"Managers, get ready: You're about to lead a new team. But your new team isn't human - it's a team of AIs. And you'll be accountable for their work."
"Using AI well is no longer about picking the right app. It's about orchestrating a set of agents, each with unique strengths and weaknesses. Like any team, they can underperform when misaligned-or create unity when structured well."
"Research from Harvard's David Deming and colleagues shows a strong link between skill at coordinating AI agents and skill at leading human teams. The same leadership moves matter: asking clarifying questions, setting clear expectations, and learning through trial and error."
"Microsoft calls this the rise of the "agent boss," urging leaders to onboard AIs like new hires-compose your "teams" carefully, set clear expectations, monitor early outputs, and establish trust-but-verify routines."

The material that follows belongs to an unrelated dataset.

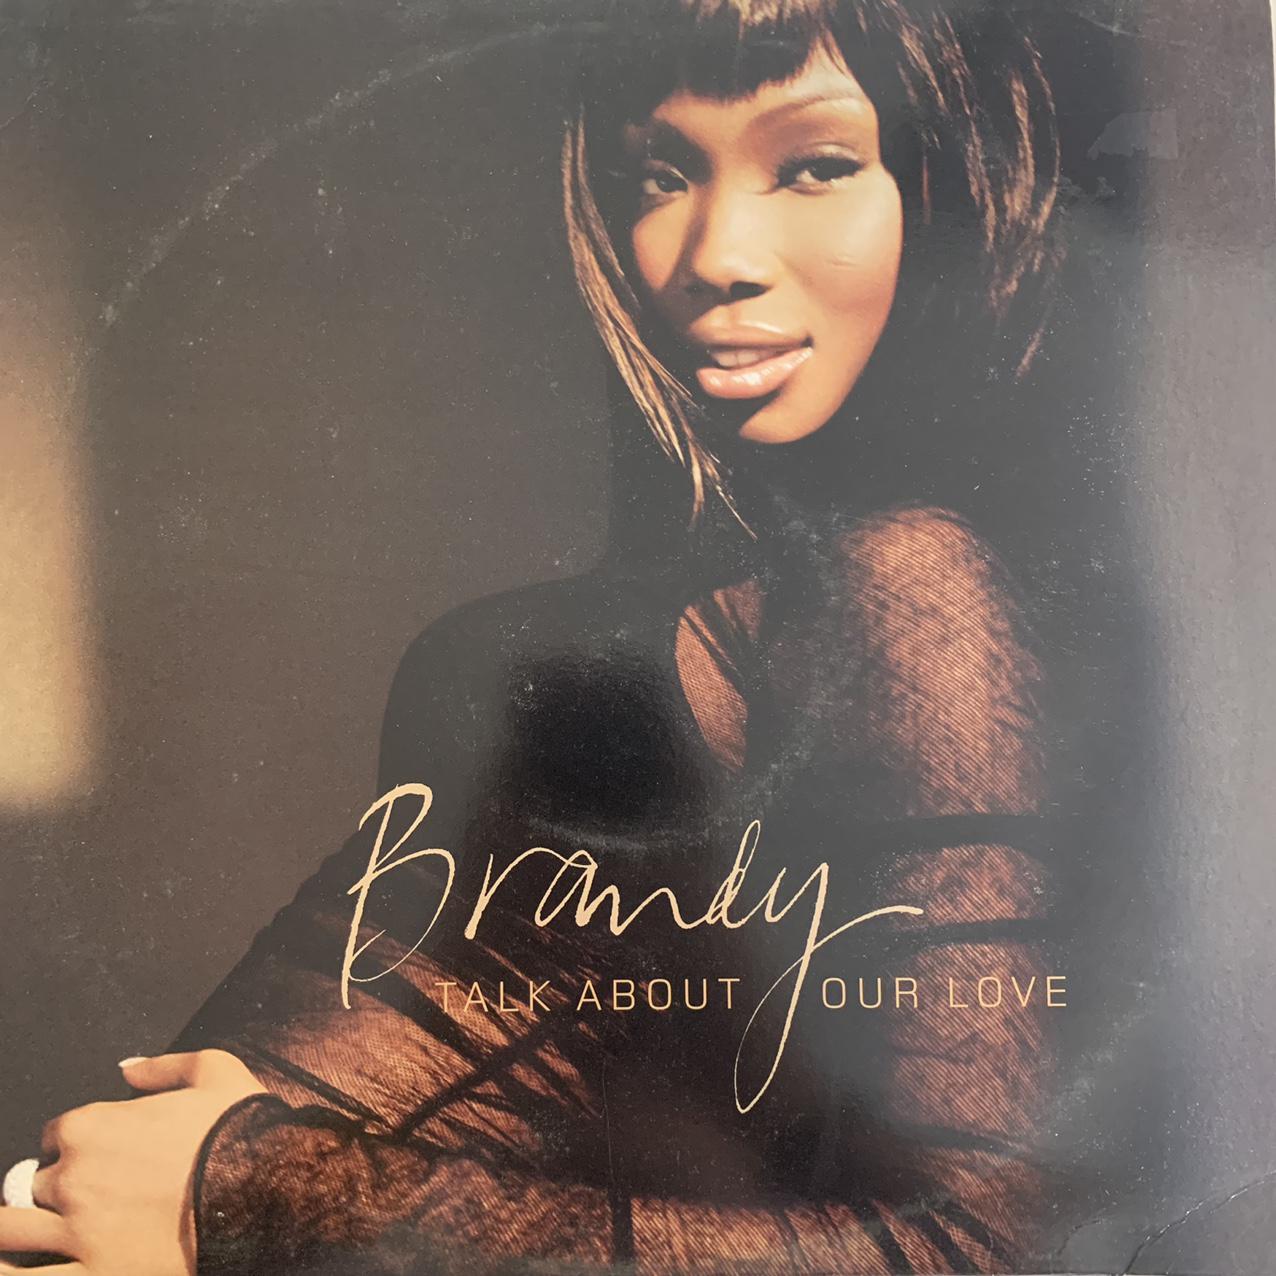 skrivestil Rettidig Tredive Brandy “Talk About Our Love” 4 Version 12inch Vinyl – Classic wax records

Managers will need to lead teams composed of AI agents, assigning models to tasks, delegating effectively, and being accountable for AI outputs. AI use is expanding, with 36% of leaders expecting to manage AI systems within five years and executives predicting leader performance will include managing 'digital workers.' Effective AI team leadership requires orchestrating multiple agents with distinct strengths and limits, aligning them to goals, and monitoring early outputs. Familiar leadership practices apply: ask clarifying questions, set clear expectations, trial-and-error learning, define roles, provide performance feedback, and adopt trust-but-verify routines when onboarding AI agents. Leaders must compose teams carefully, monitor early outputs, and adjust assignments based on agent strengths and weaknesses.